The magnetic base is designed carefully with conductive metal that is properly connected to the shield of the coax cable. Most cheap antenna bases just leave the shield connection floating and this causes insufficient coupling to the underlying ground plane resulting in poor performance and poor results when it comes to direction finding and reception.

We've tested this set with KerberosSDR and it is known to work well. The antenna can also of course be used for any other receiving purpose if you prefer to use a whip antenna over our multipurpose dipole antenna set.

In the first two images in the image slider below you can see a comparison between a black base that is not properly bonded to the coax shield, vs the RTL-SDR Blog silver base which is correctly bonded to the coax shield. Both tests used the 9.5cm whip antenna. You can see that the RTL-SDR Blog silver base provides a much lower noise floor and higher signal SNR due to the better ground plane. Also we note that when placing the antenna bases on a metallic surface to create a larger ground plane, the black base showed no further improvement, whereas the RTL-SDR Blog silver base did.

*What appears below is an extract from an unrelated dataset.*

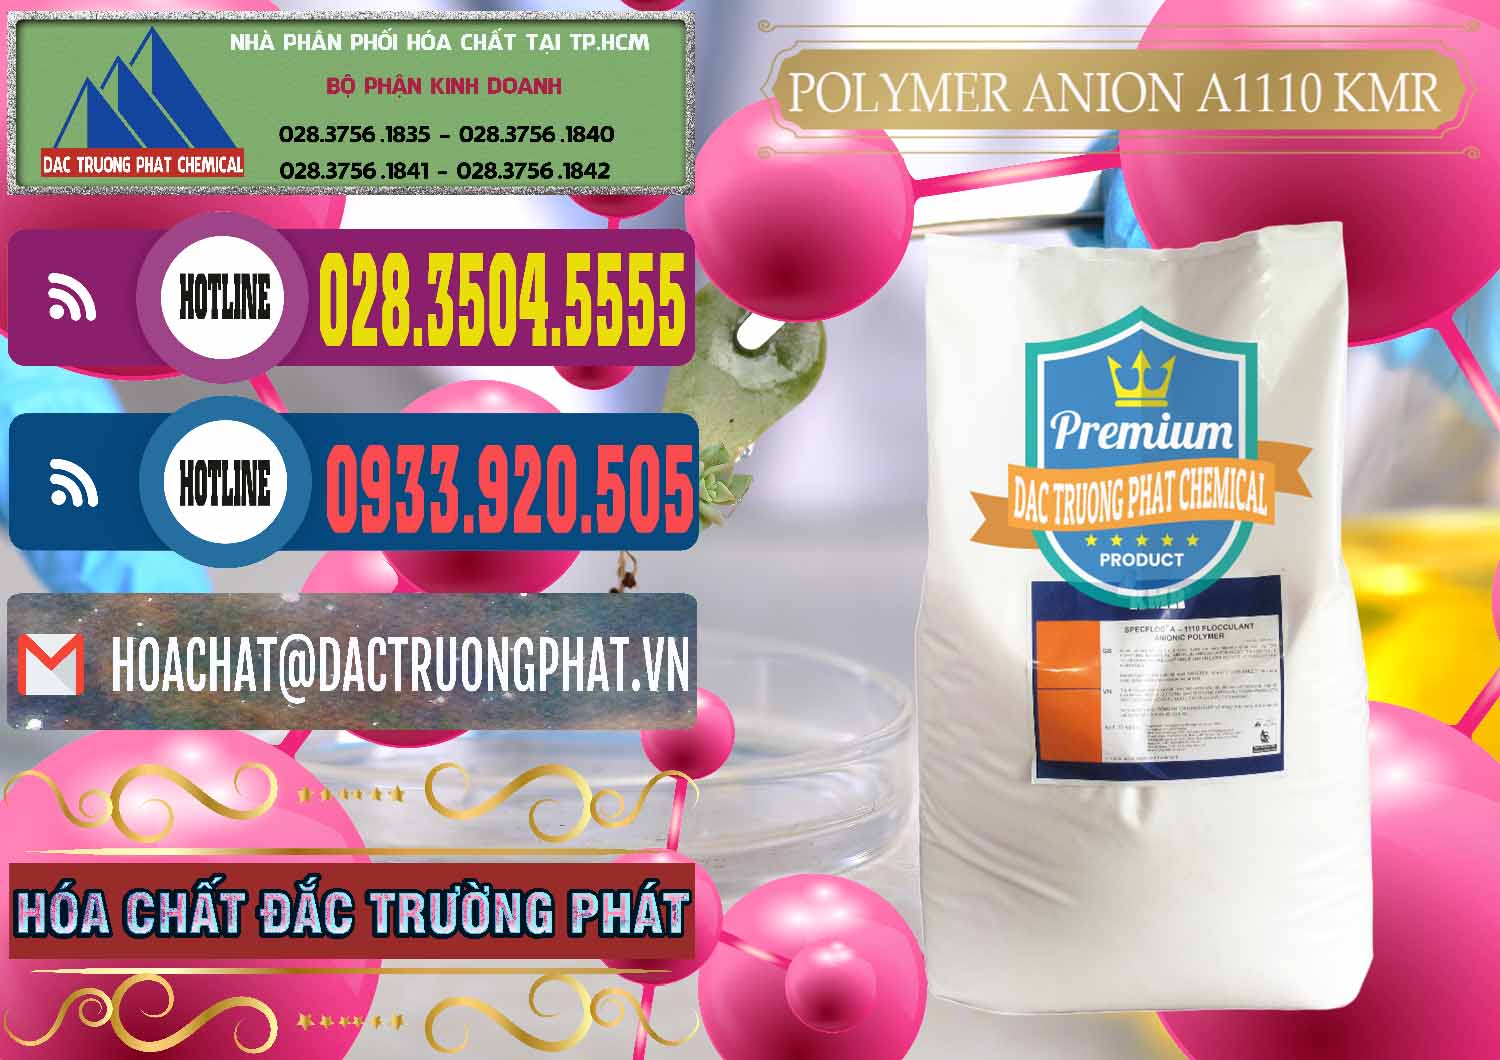 Công ty nhập khẩu ( bán ) Polymer Anion A1110 - KMR Anh Quốc England - 0118 - Công ty chuyên kinh doanh _ phân phối hóa chất tại TP.HCM - muabanhoachat.com.vn
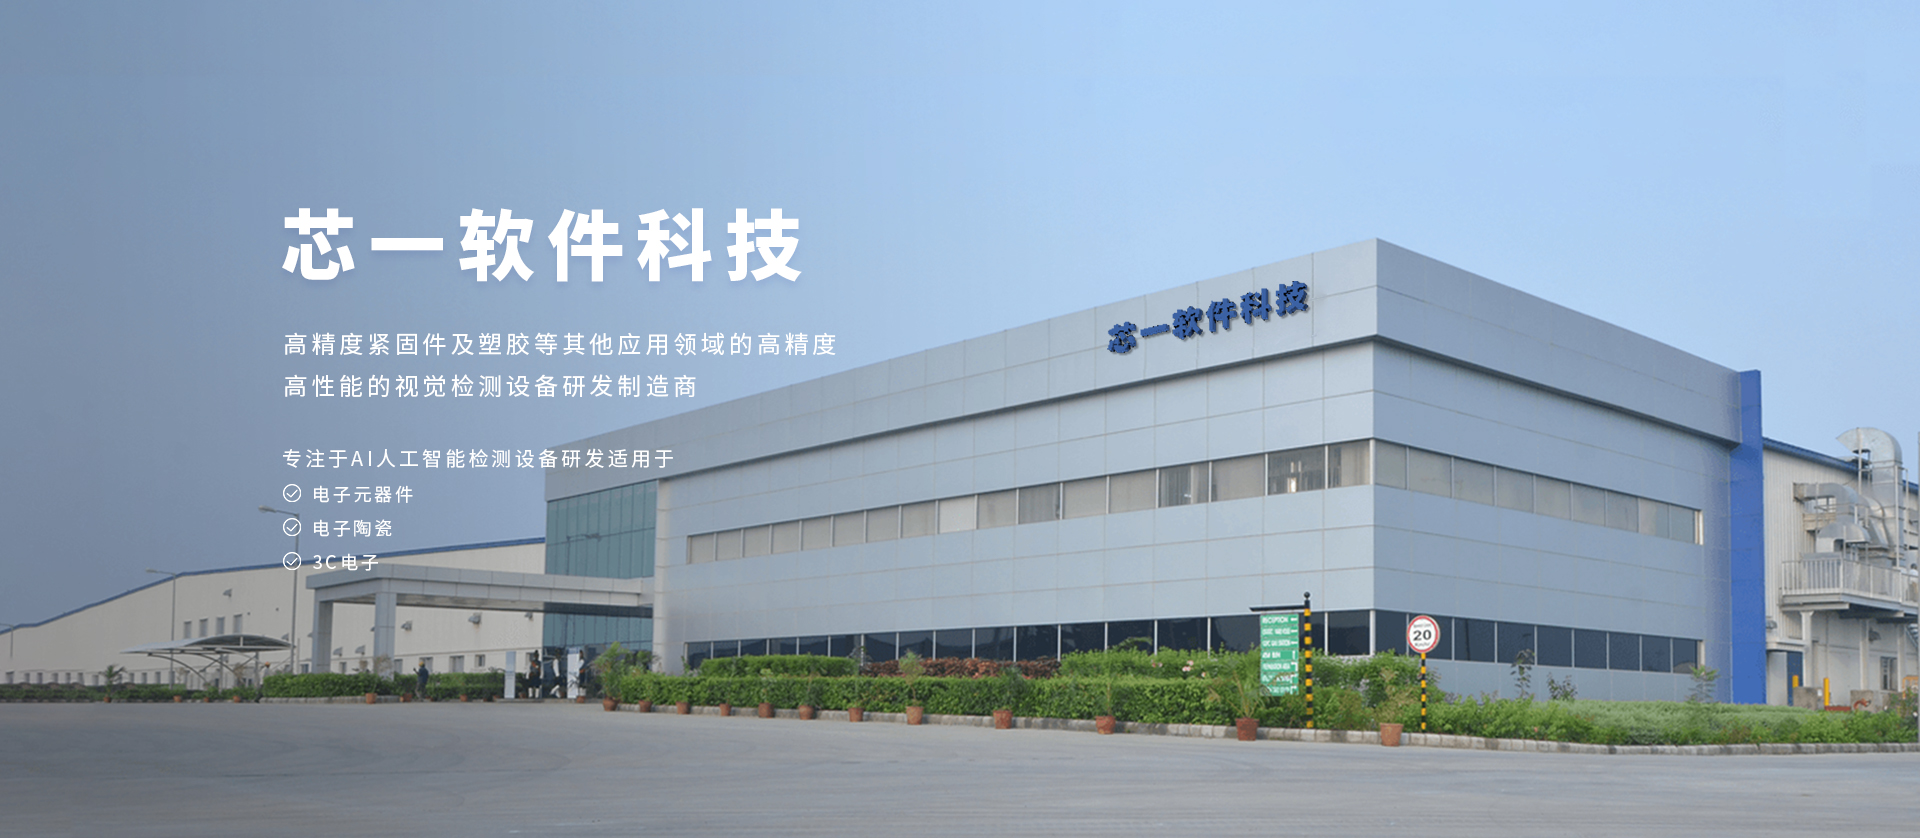 WuXi CINEE Technologies Co.Ltd.

The final three images in the slider show the SWR plots of the two whips on the base. We can see that the 9.5cm whip provides an SWR of less than six below 412 MHz. The telescopic whip can be adjusted to provide better SWR for lower frequencies.

RTL-SDR Blog Antenna Base (Coax shield properly connected to base)

RTL-SDR Blog Antenna Base (Coax shield properly connected to base)

Generic Black Antenna Base (Coax shield not connected to base)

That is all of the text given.